Replicate and clone SAP HANA databases with Amazon FSx for NetApp ONTAP

Customers have been running SAP HANA databases on AWS since 2012, when we announced SAP HANA One. Customers running SAP HANA on AWS often need to be able to perform routine maintenance tasks, such as creating backups and cloning production database volumes for upgrade and development testing.

Amazon FSx for NetApp ONTAP, with the optional NetApp SnapCenter Plug-In, offers integrated support for application consistent snapshot and cloning capabilities for SAP HANA databases.
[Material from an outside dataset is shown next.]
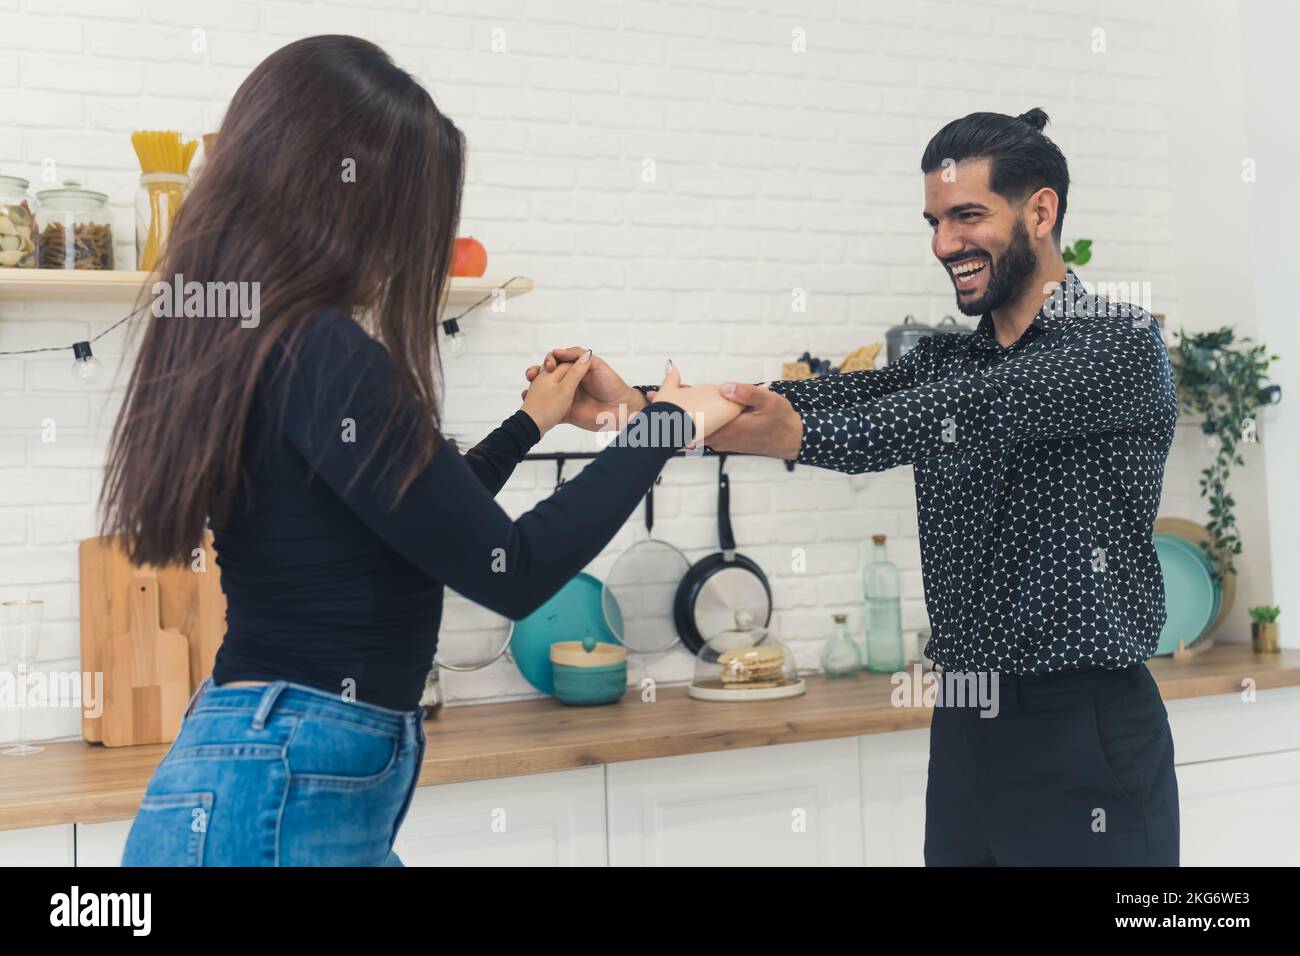 Ein junges, fröhliches, elegantes Paar, das lacht, Händchen hält, in der Küche in seiner neuen hellen Wohnung tanzt, den Umzug feiert. Hochwertiges Foto Stockfoto

By leveraging the capabilities of FSx for ONTAP file systems, SAP HANA database administrators can automate, accelerate, and simplify the processes of backing-up, replicating, and cloning their critical production environments. These features of storage-based snapshotting and cloning are in use today by enterprises for development testing, disaster recovery, and system upgrades with virtually no impact to availability or performance of their production SAP HANA databases.

On May 10th, 2022, AWS announced the certification of SAP HANA on AWS with Amazon FSx for NetApp ONTAP. SAP HANA is supported for production workloads running on certain EC2 instances with Amazon FSx for ONTAP Single-AZ file systems.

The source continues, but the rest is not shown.